Validation between PD-L1 mRNA levels and IHC
We confirmed the validity between PD-L1 mRNA levels and PD-L1 expression by IHC. PD-L1 IHC was performed using an automated IHC assay (Dako; Agilent Technologies, Inc., Santa Clara, CA, USA) with rabbit anti-human PD-L1 antibody (clone 28-8, cat. no. ab205921; Epitomics; Abcam, Burlingame, CA, USA). Tumor PD-L1 protein expression was confirmed when staining of the tumor-cell membrane (at any intensity) was observed at a prespecified expression in a section that included at least 100 tumor cells that could be evaluated.
Clinical outcomes
We retrospectively analyzed the clinical characteristics, response rate, and disease control rate for gefitinib in patients with and without PD-L1. We then estimated the PFS and overall survival (OS). OS was defined as the interval from the date of diagnosis until death from any cause. The PFS of patients treated with gefitinib was assessed from the date of induction of gefitinib therapy until the first sign of disease progression, as determined by computed tomographic or magnetic resonance imaging, according to the Response Evaluation Criteria in Solid Tumors (RECIST) criteria.
Statistical analysis
Statistical analyses were performed using SPSS software for Windows, version 12.0 (SPSS Inc., Tokyo, Japan). Differences in the relative expression of PD-L1, BIM, PUMA, HER2, VEGFA, EGFR and MET between patients with and without PD-L1 expression were compared with the Wilcoxon rank-sum test. Survival curves were plotted using the Kaplan-Meier method, and the log-rank test was used for statistical analysis. A P-value <0.05 indicated a statistically significant difference.

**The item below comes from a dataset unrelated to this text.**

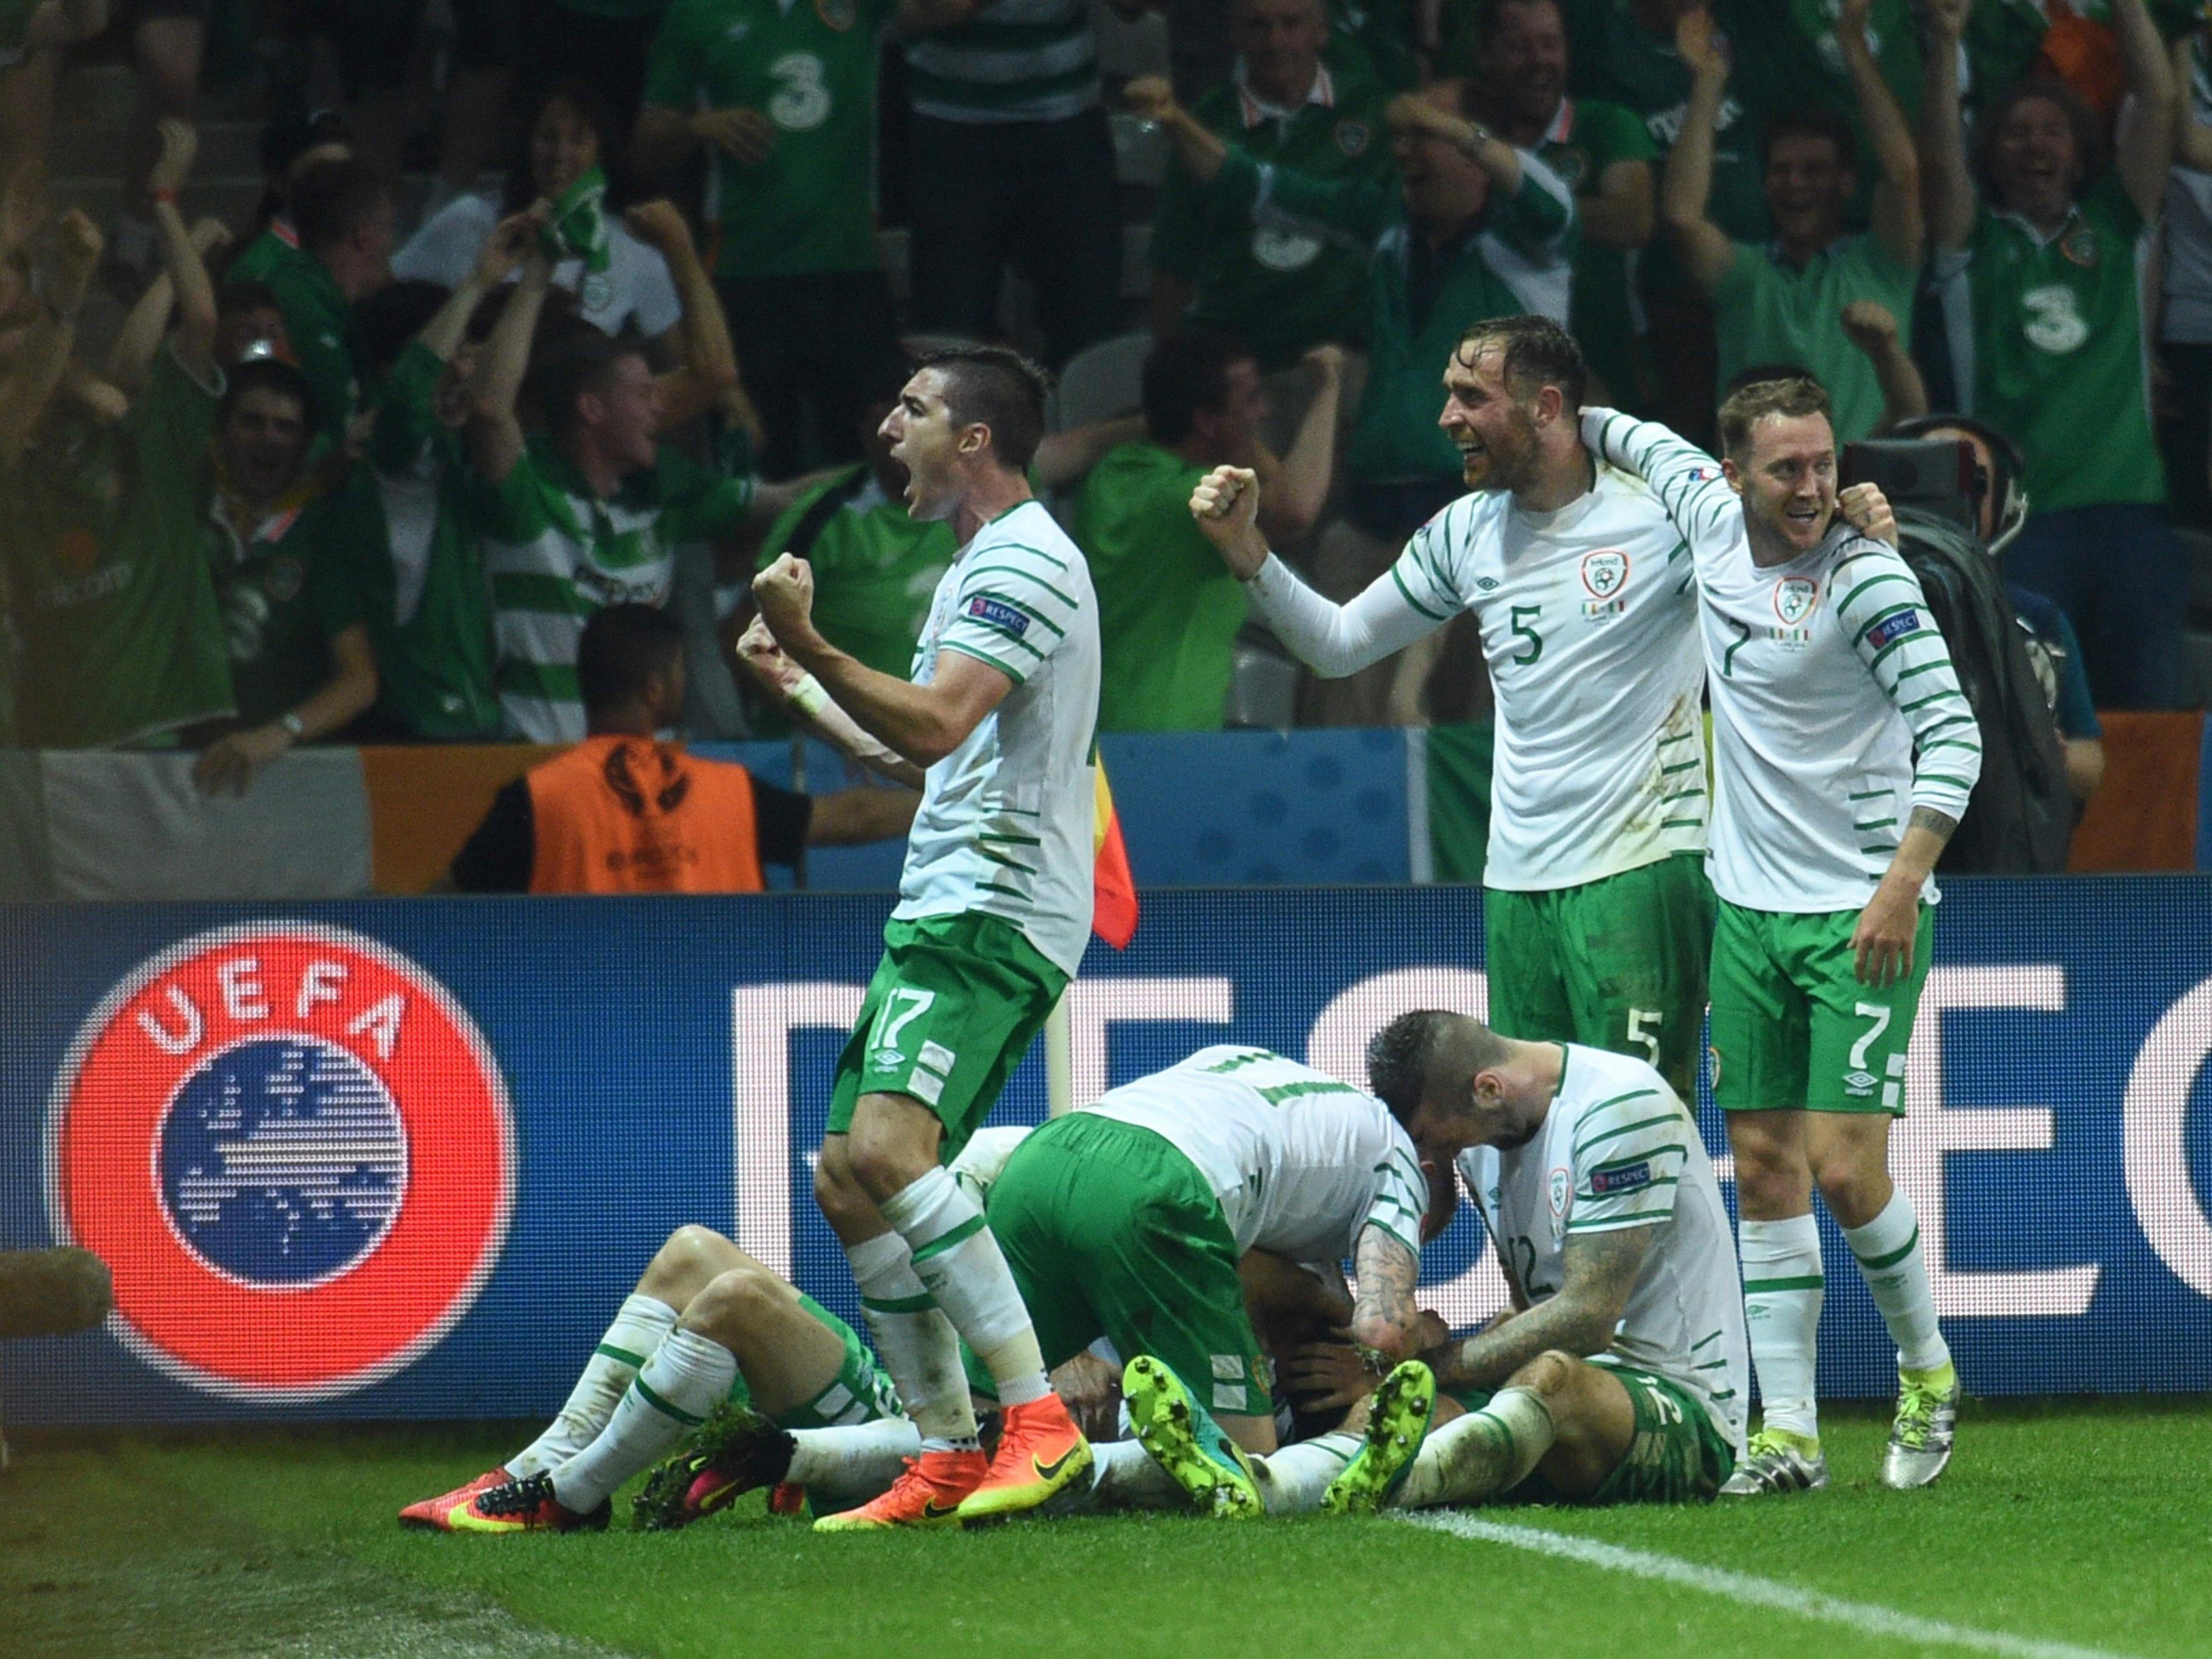 Italien, Belgien und Irland stehen im Achtelfinale.

We used univariate analysis and multivariate Cox regression analysis to identify factors associated with a shorter PFS and OS. The investigated prognostic factors were age, sex (male vs. female), performance status (PS; 2 vs. 1 vs. 0), brain metastasis (yes vs. no), bone metastasis (yes vs. no), pulmonary metastasis (yes vs. no), pleura metastasis (yes vs. no), liver metastasis (yes vs. no), lymph node metastasis (yes vs. no), EGFR mutation [major mutations (L858R and exon 19 deletion) vs. minor mutations (other mutations)], smoking history [pack(s)-year], and intratumoral PD-L1 expression (yes vs. no).

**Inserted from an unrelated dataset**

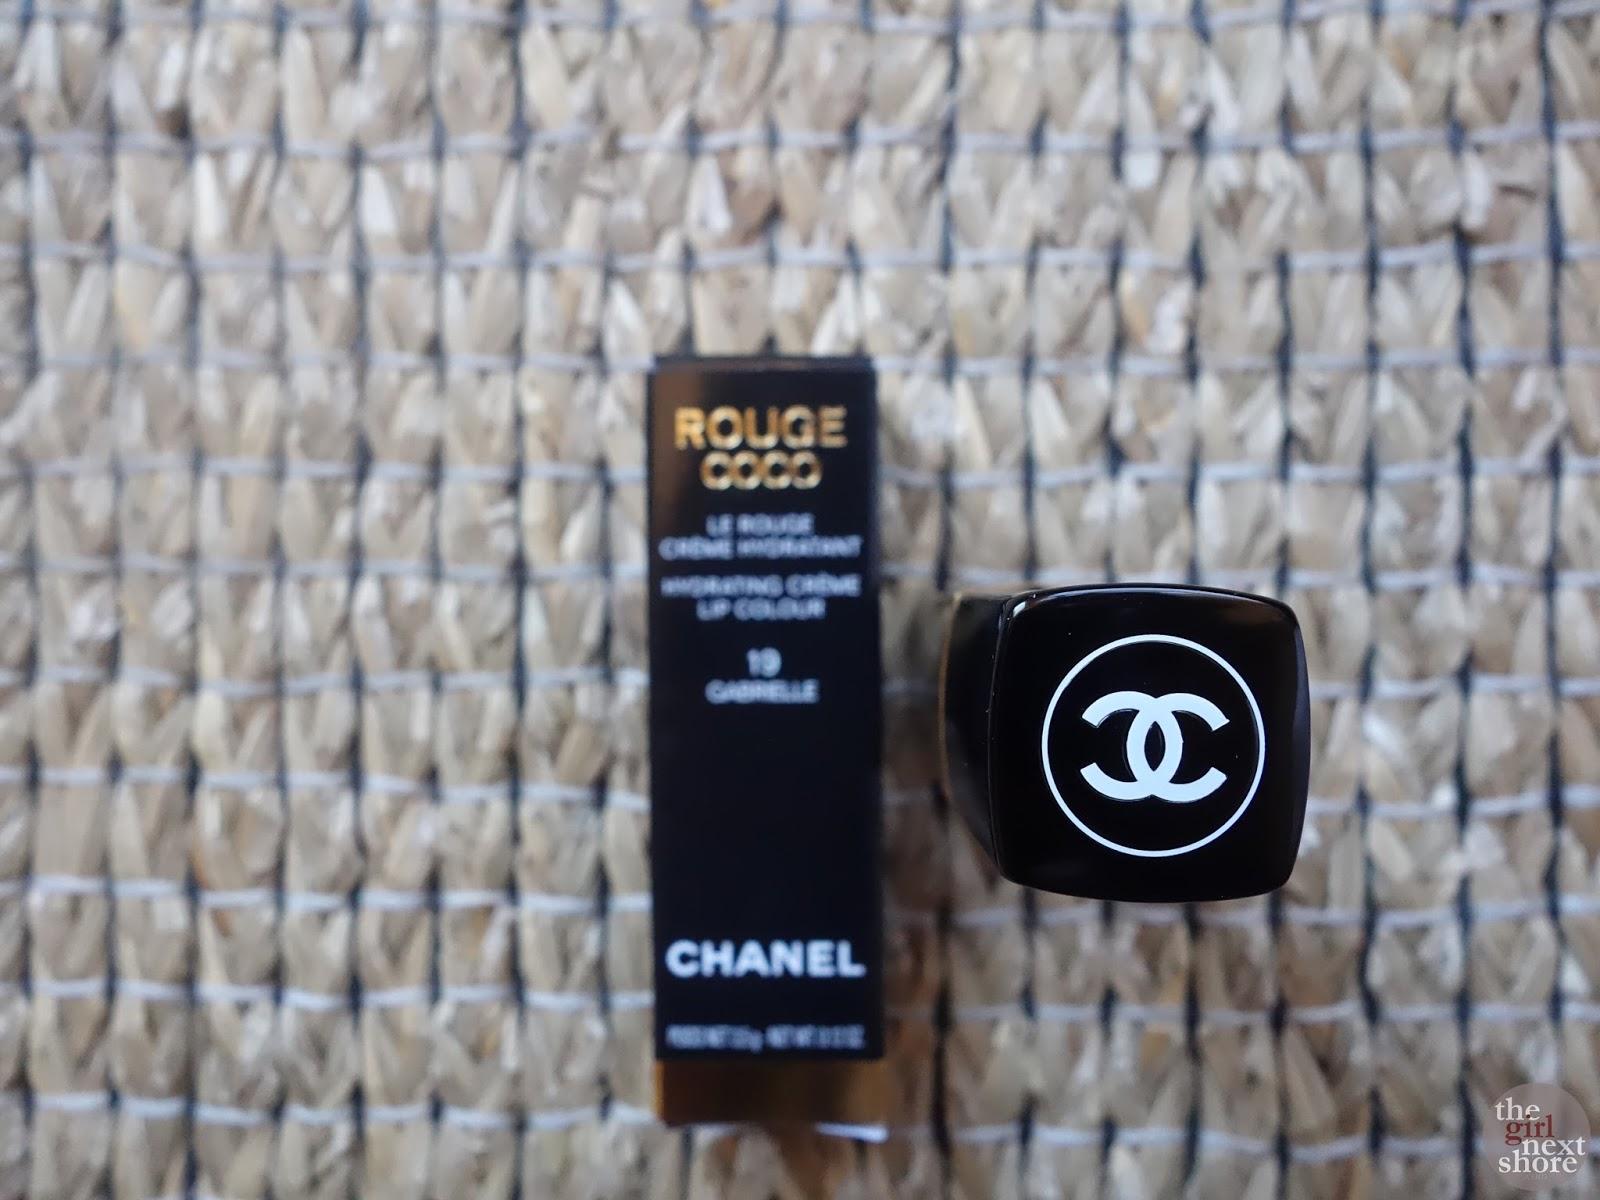 Lipstick Love: Chanel Rouge Coco 19 Gabrielle

This single-center study was conducted at Toho University Omori Medical Center (Tokyo, Japan) and was approved by its Human Genome/Gene Analysis Research Ethics Committee (authorization no. 27128).
Results
PD-L1 mRNA expression in EGFR-positive NSCLC
We analyzed PD-L1 mRNA expression in 33 patients with EGFR mutation-positive NSCLC patients who were treated with gefitinib. The patient characteristics are presented in Table I. Intratumoral PD-L1 mRNA expression was noted in 11 out of 33 patients (33.3%), and paratumoral expression was noted in 14 out of 33 patients (42.4%) (Table II). Six patients had both intratumoral and paratumoral PD-L1 expression. There was no significant difference in the relative expression of PD-L1 mRNA between intratumoral and paratumoral tissues (P=0.056) (Fig. 1).
Validation between PD-L1 mRNA levels and IHC results
We confirmed the validity between the PD-L1 mRNA levels and PD-L1 expression by IHC. There was a significant correlation between PD-L1 mRNA levels and PD-L1 IHC expression (r=0.44, P=0.015) (Fig. 2).

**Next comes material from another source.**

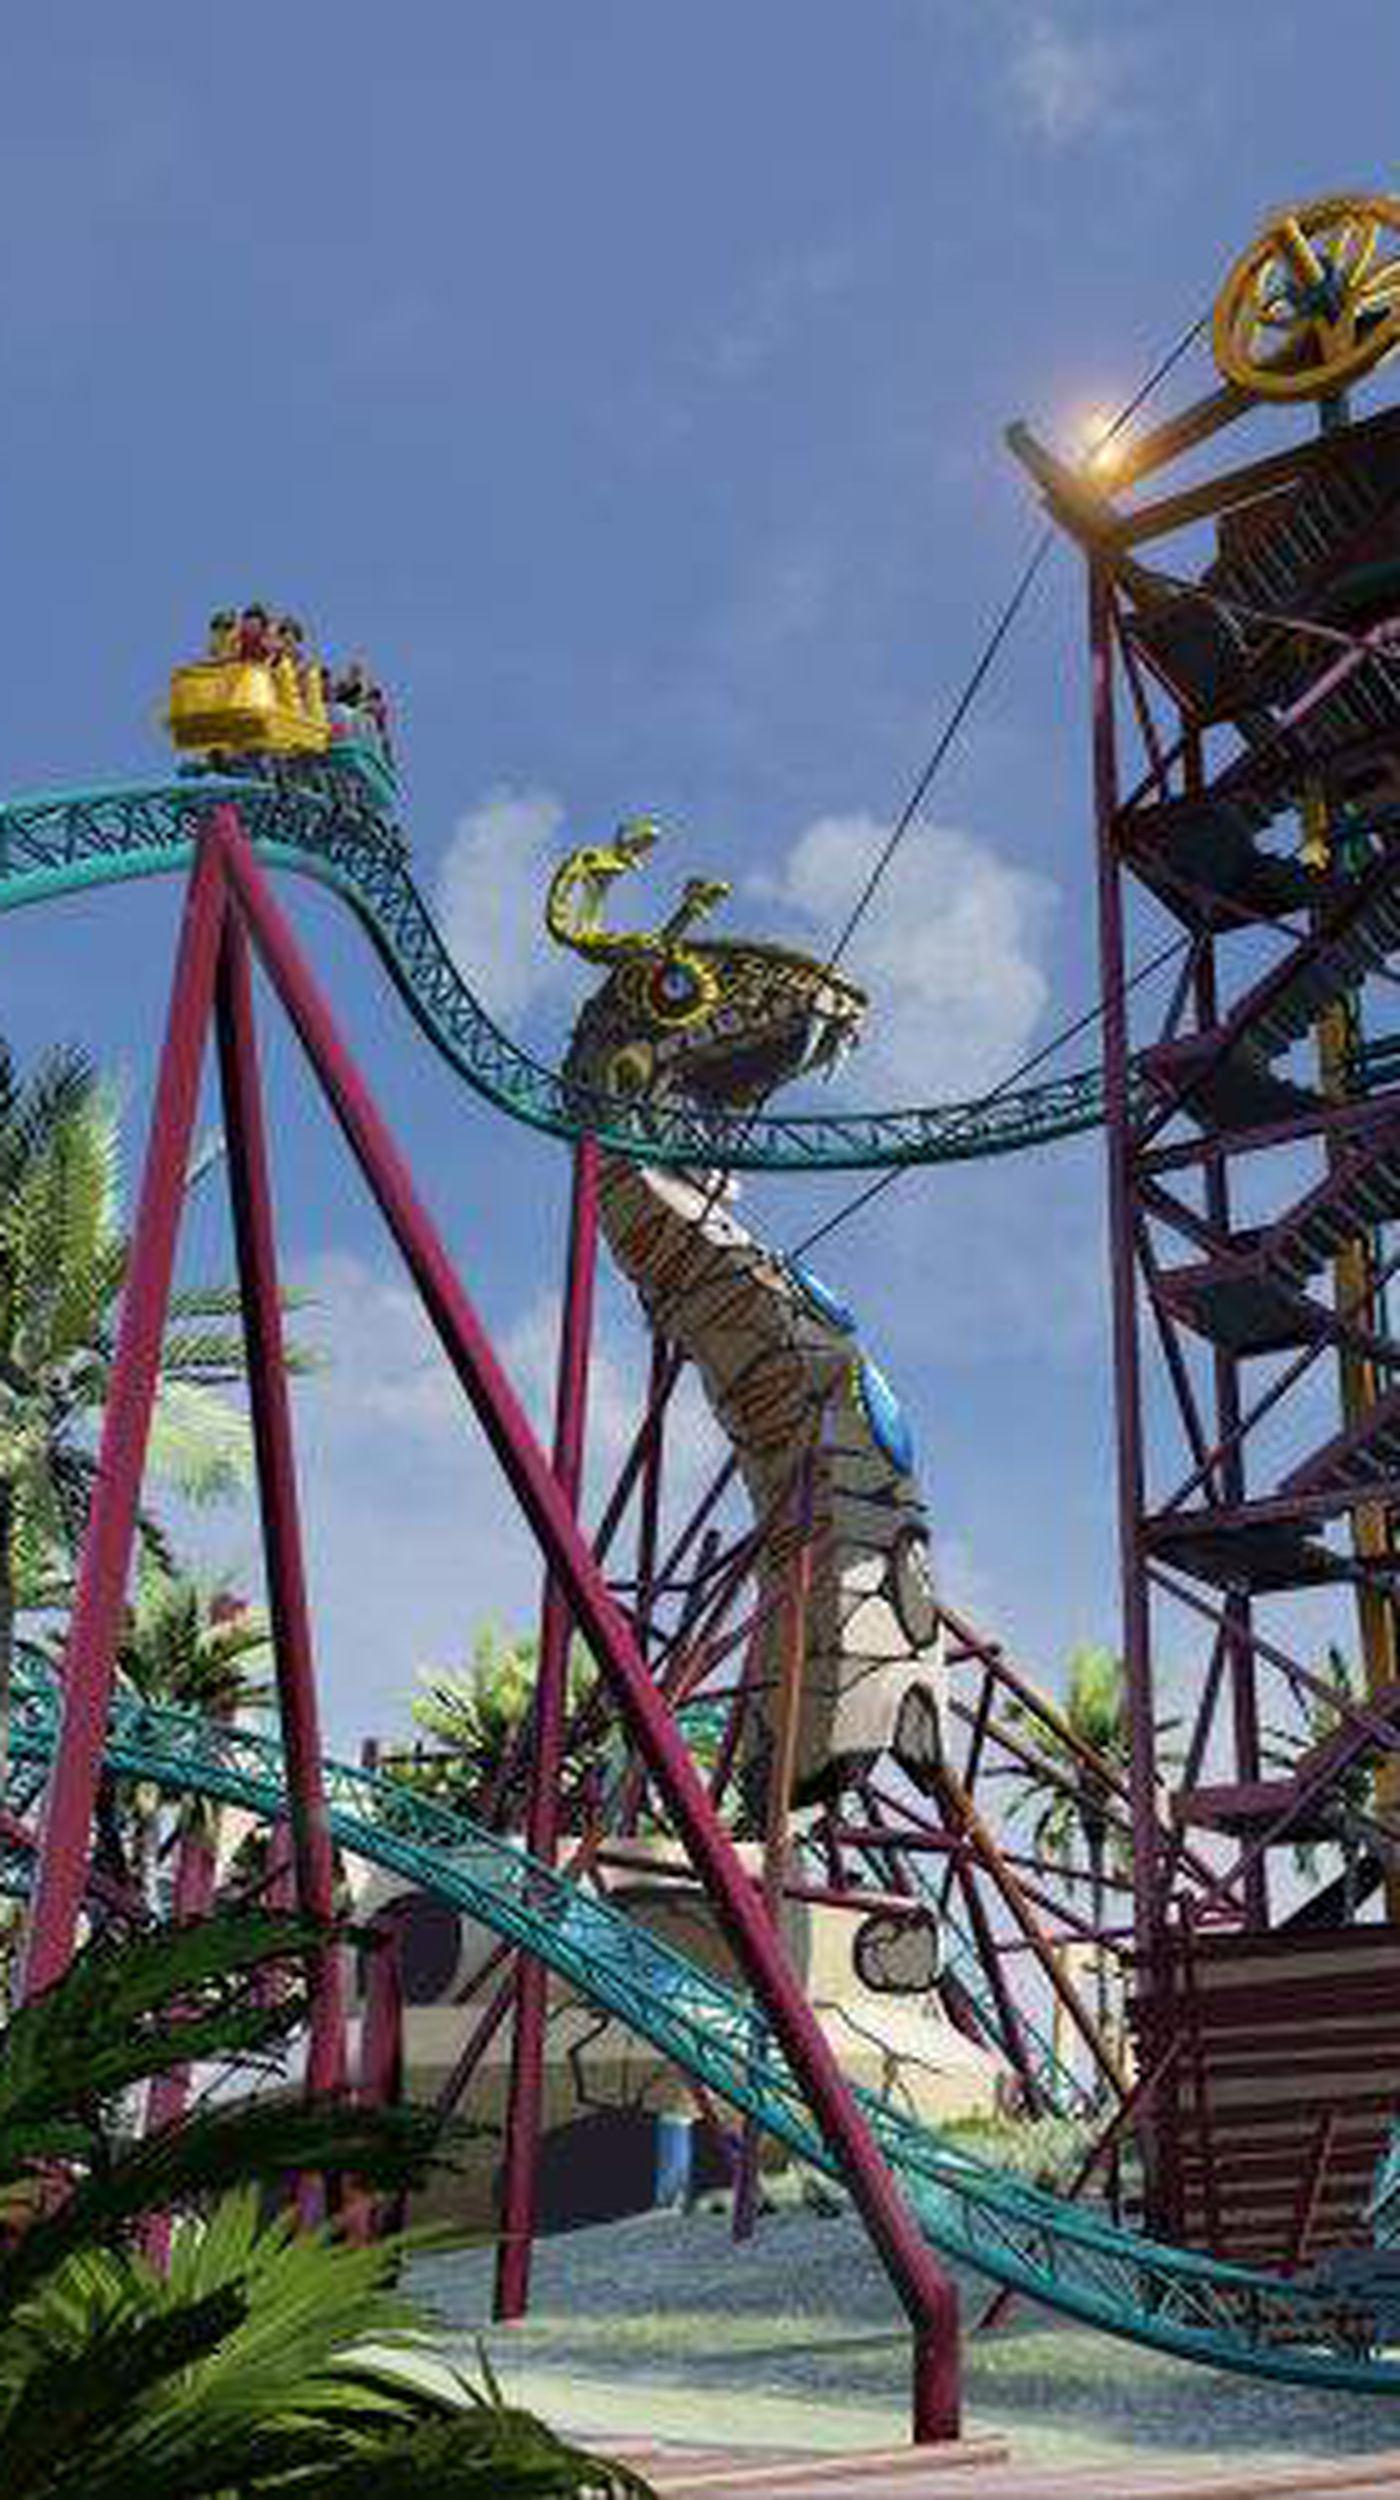 LT4ZEWGG6MI6TBKNIBWI6S7HAY - Busch Gardens Tampa New Ride 2014

Association of PD-L1 expression with BIM, PUMA, HER2, VEGFR, EGFR and MET expression
Patients with intratumoral PD-L1 mRNA expression had significantly higher BIM expression and significantly lower VEGFA expression compared with those without PD-L1 expression (P=0.049 and P=0.009, respectively) (Table III). The expression of PUMA, HER2, EGFR, and MET was not associated with PD-L1 mRNA expression status. Paratumoral PD-L1 mRNA expression was not associated with the expression of BIM, PUMA, HER2, VEGFA, or EGFR (Table III).
 | Table III.Associations of PD-L1 expression with BIM, PUMA, HER2, VEGFA, EGFR, and MET expression (n=33). |
Correlations of PD-L1 mRNA expression with BIM and VEGFA expression
We assessed the correlations of intratumoral PD-L1 mRNA expression with BIM and VEGFA mRNA expression. PD-L1 mRNA expression was positively correlated with BIM expression (r=0.41, P=0.017) (Fig. 3) and inversely correlated with VEGFA expression (r= −0.33, P=0.043) (Fig. 4). However, PD-L1 mRNA expression was not correlated with the expression of HER2, EGFR, MET, and PUMA expression (Fig. 5).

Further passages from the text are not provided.